The problem/use-case that the feature addresses
Many LBS applications may require the pick one function for random recommendation, that is, a random selection that meets the distance, not necessarily the closest, but need to return quickly.
Although GEORADIUS or GEOSEARCH commands provide COUNT <count> option, it will search for all values that meet the conditions internally and finally filter. Therefore, when there are many local points, it may be very time-consuming, as shown in the following document described.
By default all the matching items are returned. It is possible to limit the results to the first N matching items by using the COUNT
option. However note that internally the command needs to perform an effort proportional to the number of items matching the specified area, so to query very large areas with a very small COUNT option may be slow even if just a few results are returned. On the other hand COUNT can be a very effective way to reduce bandwidth usage if normally just the first results are used.
Description of the feature
Increase LIMIT limit option to GEORADIUS and GEOSEARCH, once the number reaches the limit, stop searching and return.
GEORADIUS key longitude latitude radius m|km|ft|mi [WITHCOORD] [WITHDIST] [WITHHASH] [LIMIT limit] [COUNT count] [ASC|DESC] [STORE key] [STOREDIST key]
Compatibility with current COUNT count:
- Using COUNT alone will search all values and return count elements.(Current logic)
- Using LIMIT alone will search for limit elements or more, and return limit elements.

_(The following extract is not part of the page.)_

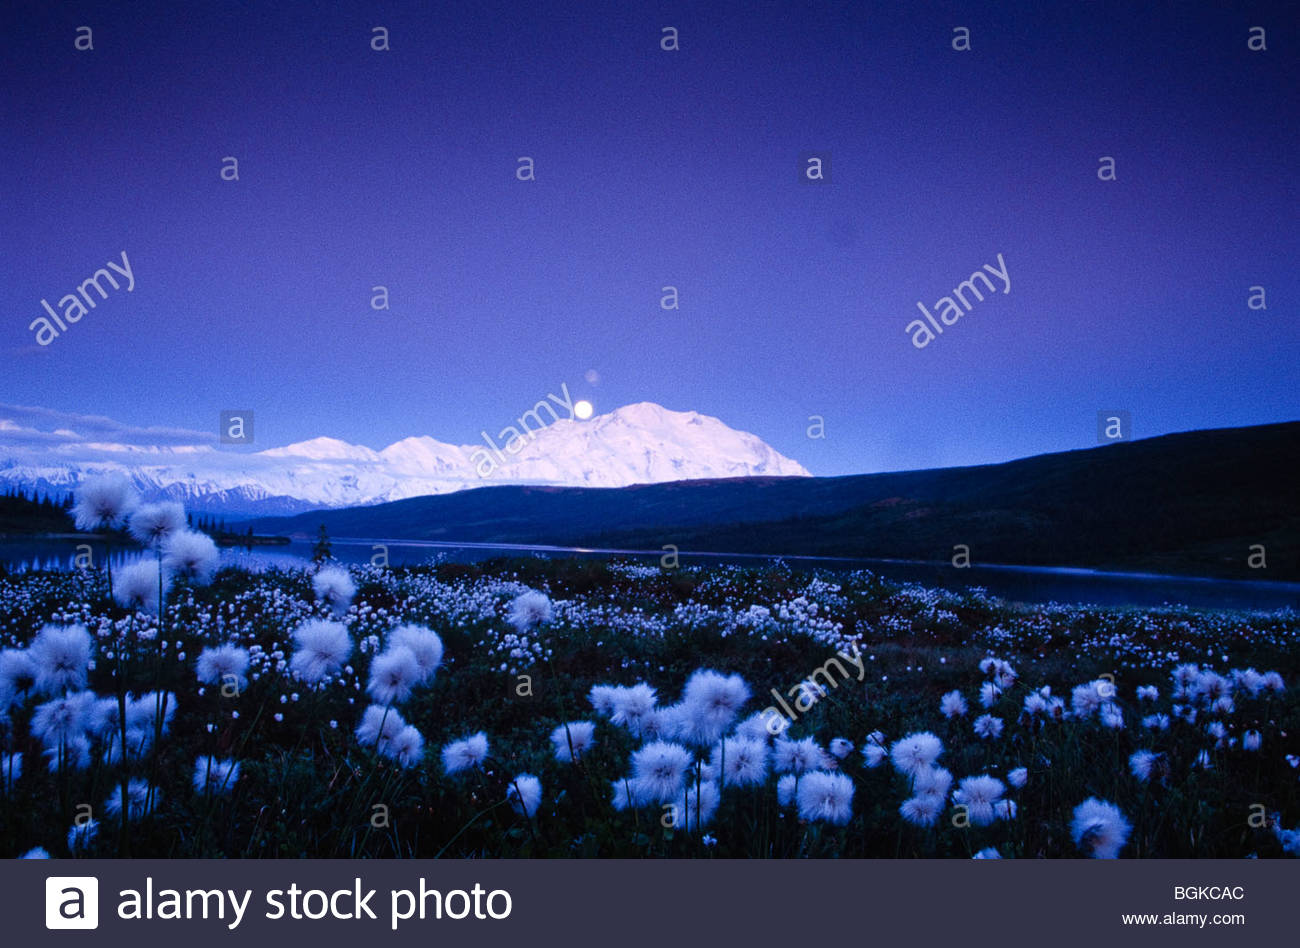 Alaska, Denali National Park, Wonder Lake. Moonrise above snow-capped Mt. McKinley. - Stock Image

- To use the two together, the limit must be greater than or equal to count in the parameters passed, search for limit elements or more, and finally the number of elements is returned according to count.
Comment From: oranagra
sounds like a useful feature to me. @redis/core-team WDYT?
Comment From: itamarhaber
Agreed about potential usefulness.
- We should be very clear that this will not provide true randomness but rather only a fast break
- I'm not sure I understand the case for using the two together, but how about expanding COUNT to support negative values for limiting purposes? I.e. COUNT -1 will mean a limit of one.
Comment From: yangbodong22011
We should be very clear that this will not provide true randomness but rather only a fast break
I mainly want to provide fast break, but if randomness is necessary, we can continue the discussion.
COUNT -1 will mean a limit of one.
This can avoid adding parameters, but LIMIT limit seems to be easier to understand, we listen to other people's opinions.
Comment From: oranagra
I actually think that having both COUNT and LIMIT arguments is confusing.
And i'm not sure about the usefulness of using them together.
If we want something else other than negative value, maybe we can create a ~ modifier like in XADD.
either way, i'm now more concerned about problems we'll run into while implementing it. we currently have code that first searches for everything inside the wider area and later does the filtering for the exact radius. now if we want to break the search early, we need to check that the points we found are indeed candidates for a reply (fit inside the exact shape).
@yangbodong22011 i think we agree about the usefulness of the feature and you can go ahead and start implementing it, we can decide on the syntax later (real easy to change).
Comment From: yangbodong22011
I submitted the draft code to express my thoughts, limit was saved, and compared with ga->used in the traversal of zset:
if (ga->used && ga->used >= (unsigned long) shape->limit) break;
- It is unreasonable to put the limit variable in GeoShape. I hope to rename GeoShape to GeoSearchContext. The current situation is that GeoShape also includes some variables that do not belong to it, such as
searchType,conversion, etc., so I think GeoSearchContext is a more appropriate name. - Draft code does not add COUNT and LIMIT processing.
Comment From: guybe7
didn't read the whole thread but just raising a question: is there a way to distinguish between when: 1. GEO returned because there are no more elements to return; and 2. GEO returned because it reached LIMIT (in which case we may need to call it again?)
Comment From: yangbodong22011
didn't read the whole thread but just raising a question: is there a way to distinguish between when:
- GEO* returned because there are no more elements to return; and
- GEO* returned because it reached LIMIT (in which case we may need to call it again?)
The limit is just for fast break. I am afraid I did not understand your question. Why do we need to distinguish between the two cases you mentioned and call it again in the second case?
Comment From: oranagra
I think Guy's question is more suitable for the COUNT argument than the (new) LIMIT argument, and AFAIK there's no way to tell if there were more results which got truncated.
Comment From: itamarhaber
About the syntax:
LIMIT limit seems to be easier to understand, we listen to other people's opinions.
It is indeed easier to understand, but also somehow misleading given how COUNT+LIMIT are supposed to work, so users will have to read the docs anyway once they run into that corner. If negative values are confusing, we can consider some special modifier such as COUNT ~10, but I find that even more confusing (personally).
BTW, the negative COUNT approach is already used by SRANDMEMBER, although for a different purpose.
Comment From: oranagra
I would vote for negative COUNT. LIMIT and COUNT sound like synonyms, if it were me I would always confuse them with one another.
Comment From: yangbodong22011
Updated syntax to support negative COUNT, and added performance test, see #8259 for details.